Christelijke encyclopedie

F.W. Grosheide (1926)

Gepubliceerd op 08-01-2020

Nebukadnezar

betekenis & definitie

is de min-juiste, Nebukadrezar (zoo bij Jeremia en Ezechiël, ook bij Jozefus, Strabo en Abydenus) is de juistere hebraïseering van Naboe-Koedoerri-oesoer (Naboe, bescherm het gebied). Nebukadnezar is de geniale zoon en opvolger van Nabopolassar, den stichter van het Nieuw-Chaldeesche rijk, door den zoon uitgebouwd en versterkt (605—562).

Wij zien hem voor het eerst zelfstandig optreden in den slag bij Karkemis (605, vgl. Jer. 46 : 2; 2 Kon. 24 : 7), waar hij farao Necho op zoo beslissende wijze verslaat, dat Syrië en Palestina den overwinnaar zonder slag of stoot in de handen vallen en zelfs Jeruzalem kan worden bezet (2 Kron. 36 : 6 v.; Dan. 1 : 1 v.). Daar de 49 inschriften, die van hem tot ons gekomen zijn, bijna uitsluitend handelen over de wijze, waarop hij Babel tot zijn schitterende koningstad heeft gemaakt, weten we van zijn regeering weinig meer dan uit het Oude Testament tot ons is gekomen. Na zijn troonsbestijging kort na den slag bij Karkemis wordt hij hoofdzakelijk in het Oosten bezig gehouden. Wanneer Jojakim van Juda in 598 afvalt, moet Nebukadnezar zich dan ook eerst er mede tevreden stellen om allerlei benden tegen Juda in het veld te voeren (2 Kon. 24 : 2). Eerst in 597 kan hij de leiding van het beleg op zich nemen (2 Kon. 24 : 11) en dit tot een gelukkig einde voeren (vs. 12—16).

Maar opnieuw vraagt het Oosten al zijn aandacht, waar het Medische rijk wordt gedeeld en Perzië zich onafhankelijk maakt. Nebukadnezar weet intusschen zijn Oostergrens te beveiligen door zich van Susa meester te maken. Maar als Egypte succes heeft met zijn poging om Tyrus en Sidon, Ammon, Moab en Edom (Jer. 27 : 3) en zelfs Juda tot afval te bewegen, komt hij naar het Westen en bestuurt van Ribla uit den aanval op de Fenicische steden (waarvan Tyrus niet minder dan 13 jaren, van 585—572, vergeefs wordt belegerd) en op Jeruzalem, dat vernietigd wordt (586) ondanks een poging van Hofra om Zedekia te hulp te komen (Ezech. 17 : 15;Jer. 37 : 5). De anderen hadden zich onmiddellijk onderworpen.
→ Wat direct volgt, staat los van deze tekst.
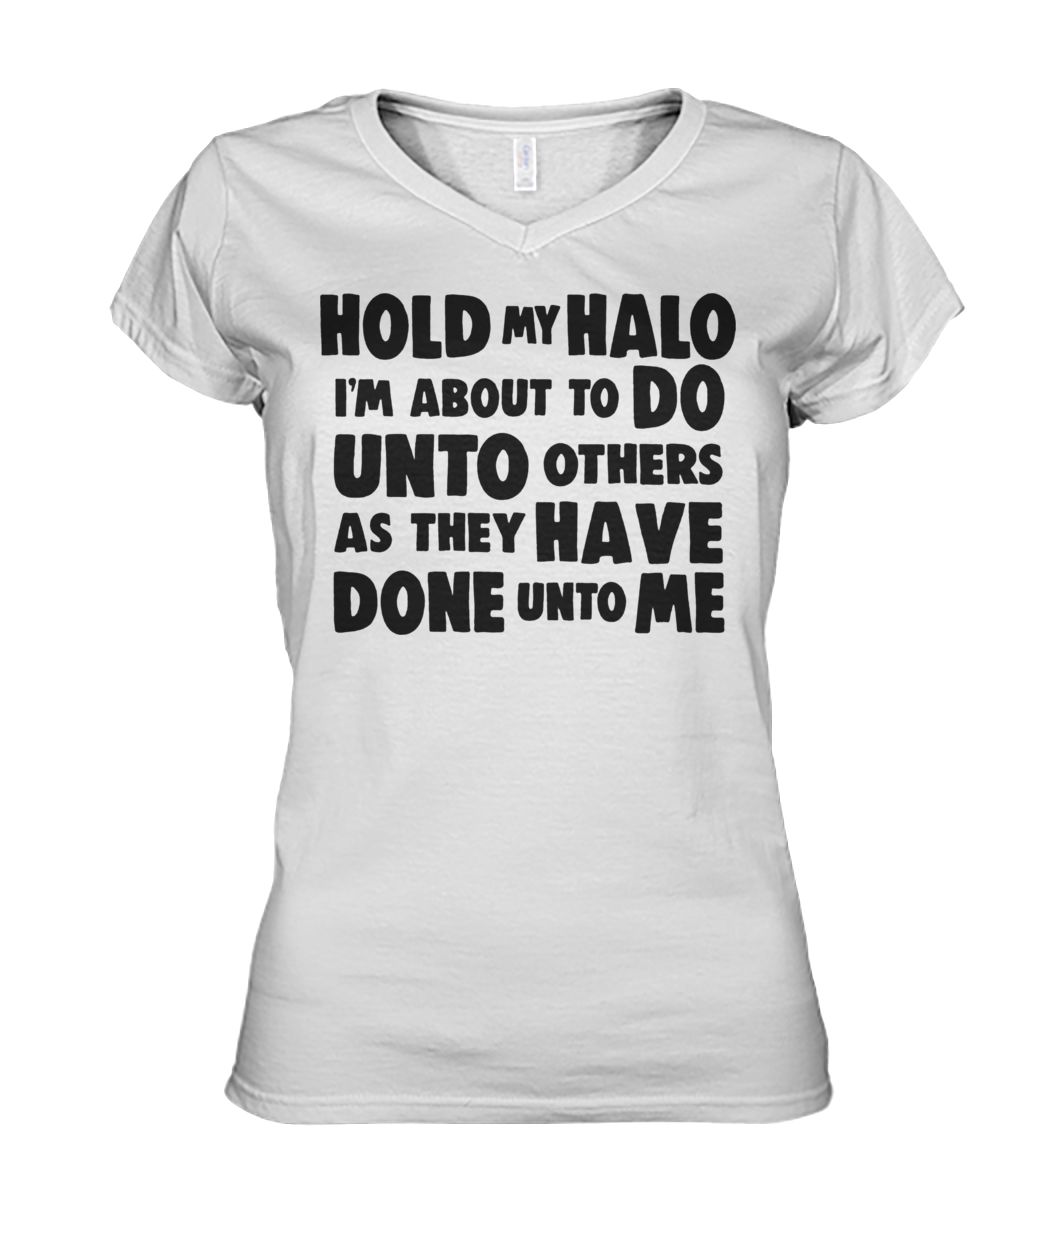 Hold my halo I'm about to do unto others as they have done unto me women's v-neck

Een van zijn laatste krijgsbedrijven is de tocht naar Egypte (567), waar Hofra, verzwakt door de Libyers en door het drijven der nationalisten onder Amasis, geen ernstigen weerstand bieden kon. Hoever Nebukadnezar in Egypte doordrong, weten we niet. Jozefus zegt op gezag van Berosus, dat geheel Egypte toen een provincie van Babel werd.
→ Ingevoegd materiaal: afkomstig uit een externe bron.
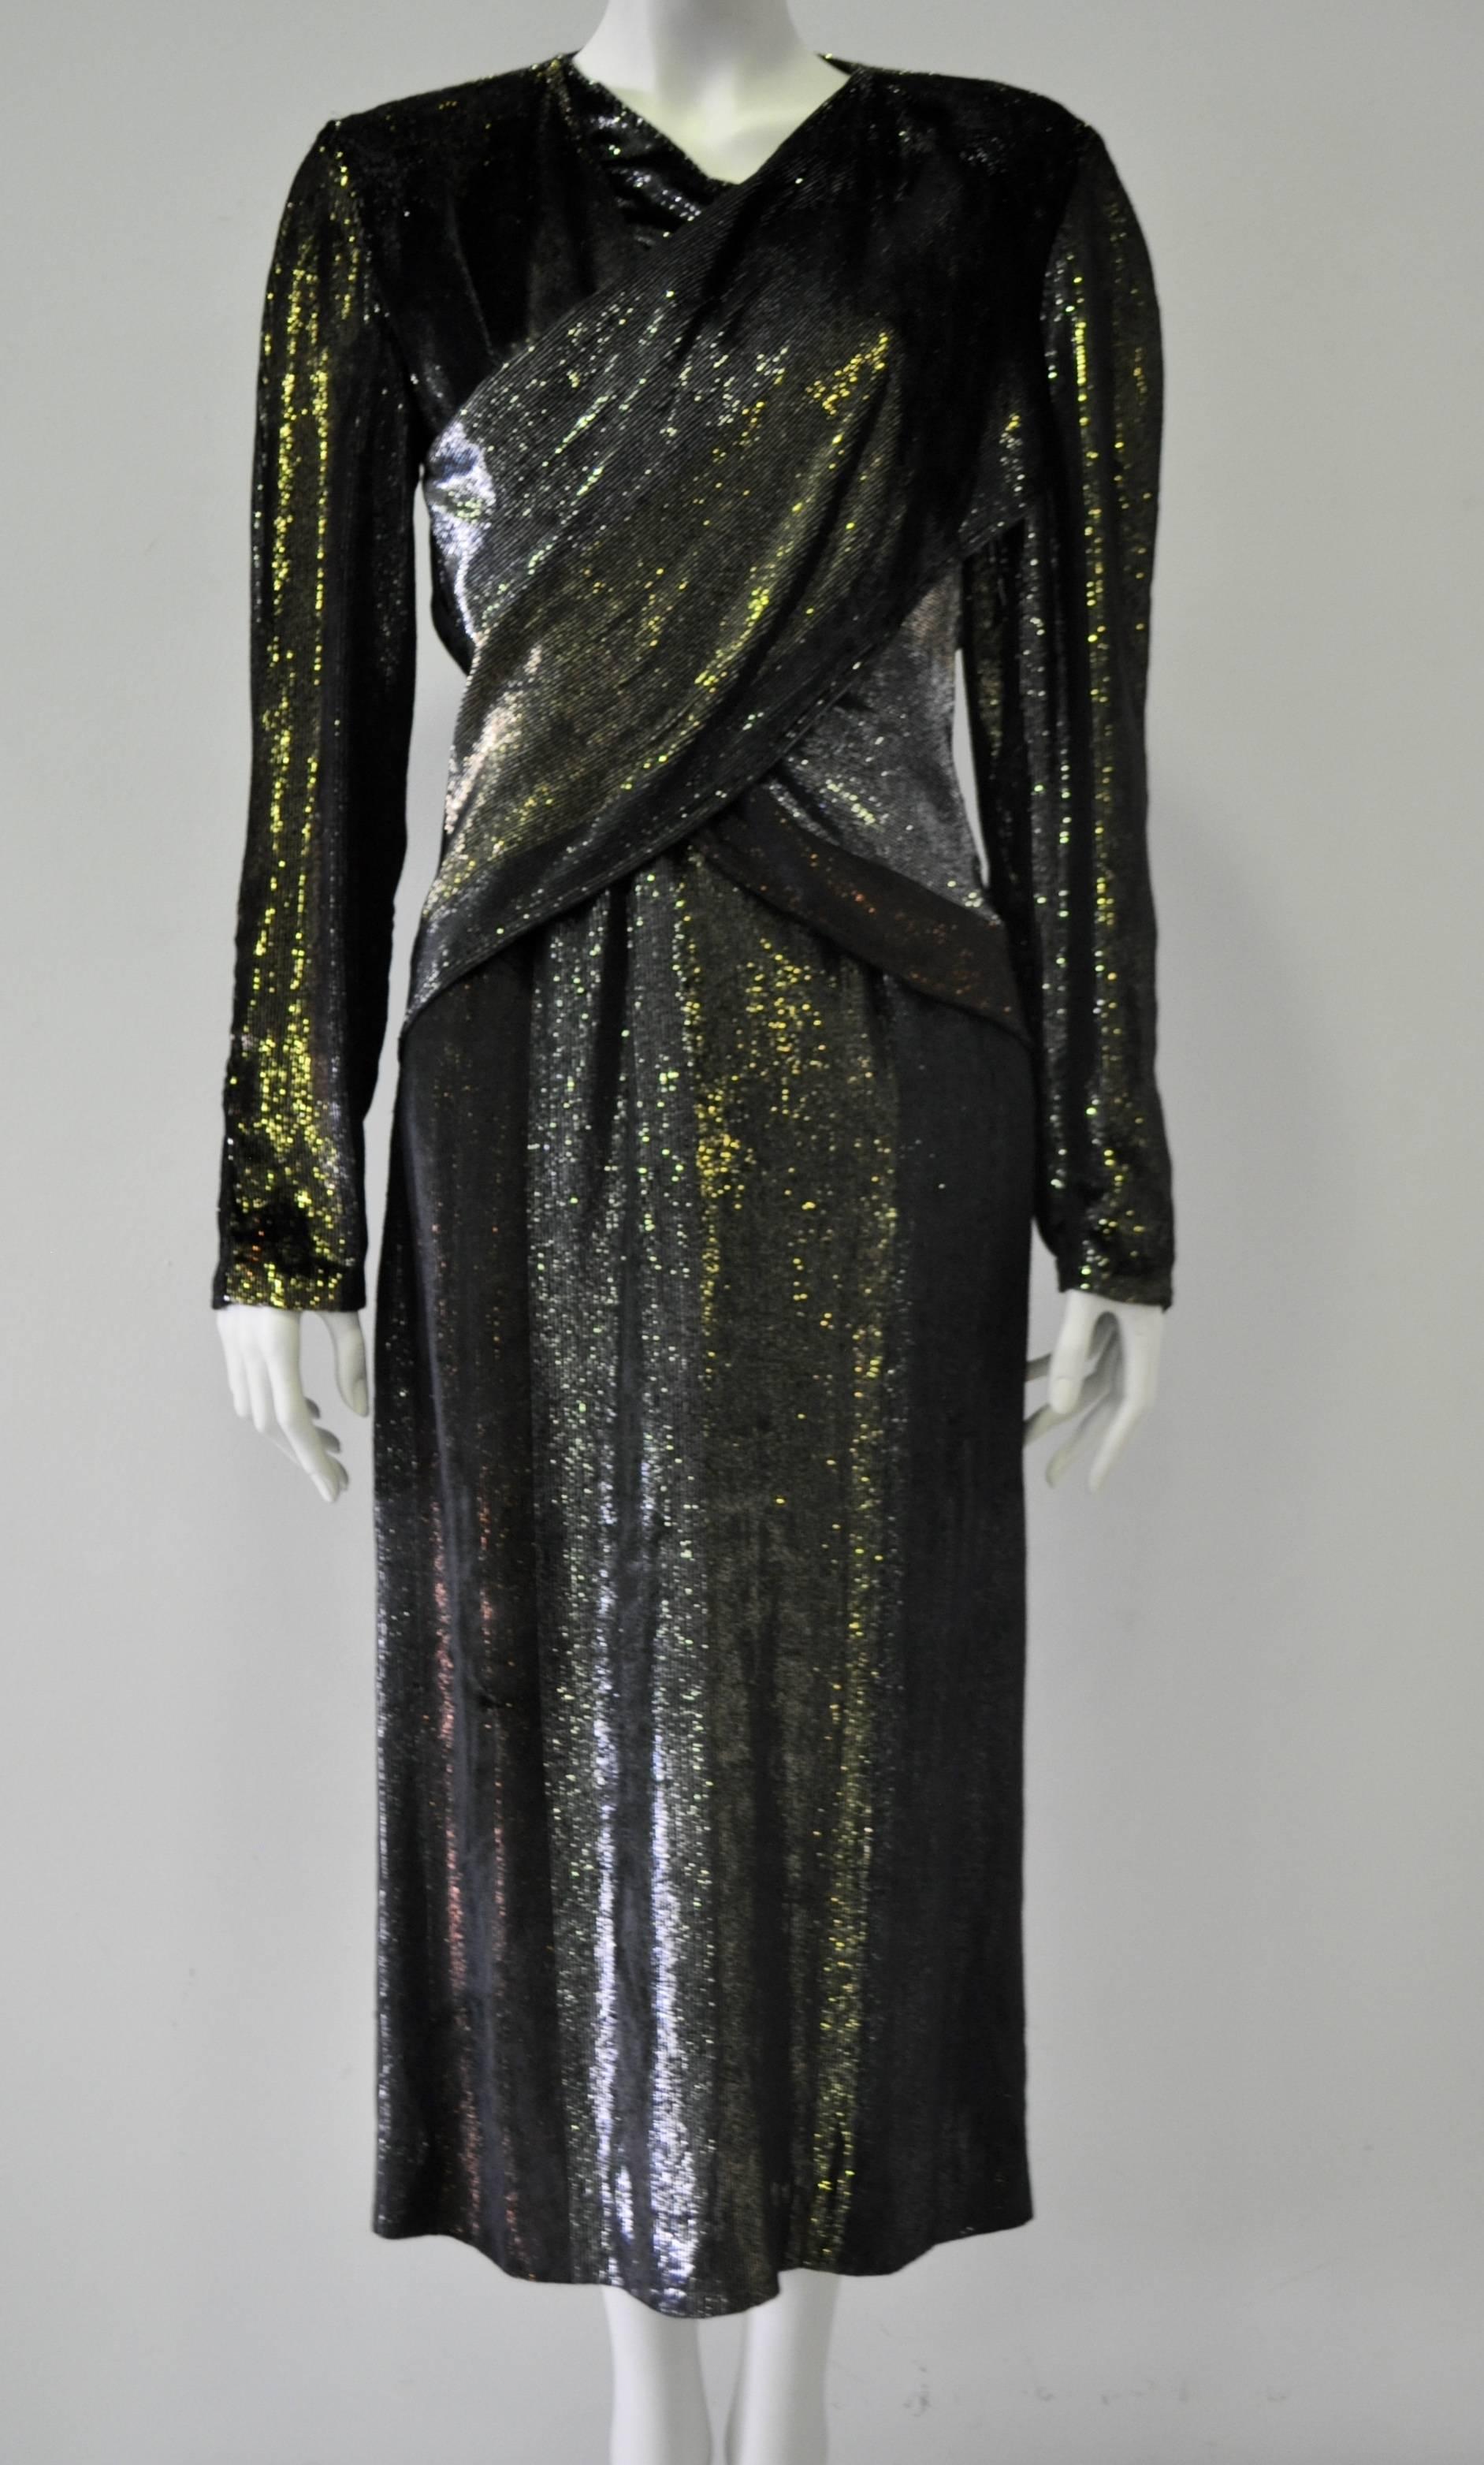 Rare Paco Rabanne Velvet Hues of Silver, Gold and Copper Lame Cross Front Bodycon Disco Dress

Gedurende zijn gansche leven heeft Nebukadnezar gearbeid aan de heerlijkheid van zijn koningsstad (zie R. Koldewey, Das wieder erstehende BabyIon, 4de uitgave 1925). Twee sterke muren met machtige torens en poortgebouwen maakten haar bijna onneembaar. Het koninklijk paleis was eigenlijk een citadel. Zoo was het woord van Dan. 4 : 30 geen wonder. Van Nebukadnezar’s persoonlijk leven en dus ook van de gebeurtenissen van Dan. 4 wordt in Nebukadnezar’s inschriften niet gesproken. Zie verder Noordtzij, Gods Woord blz. 353 v.v.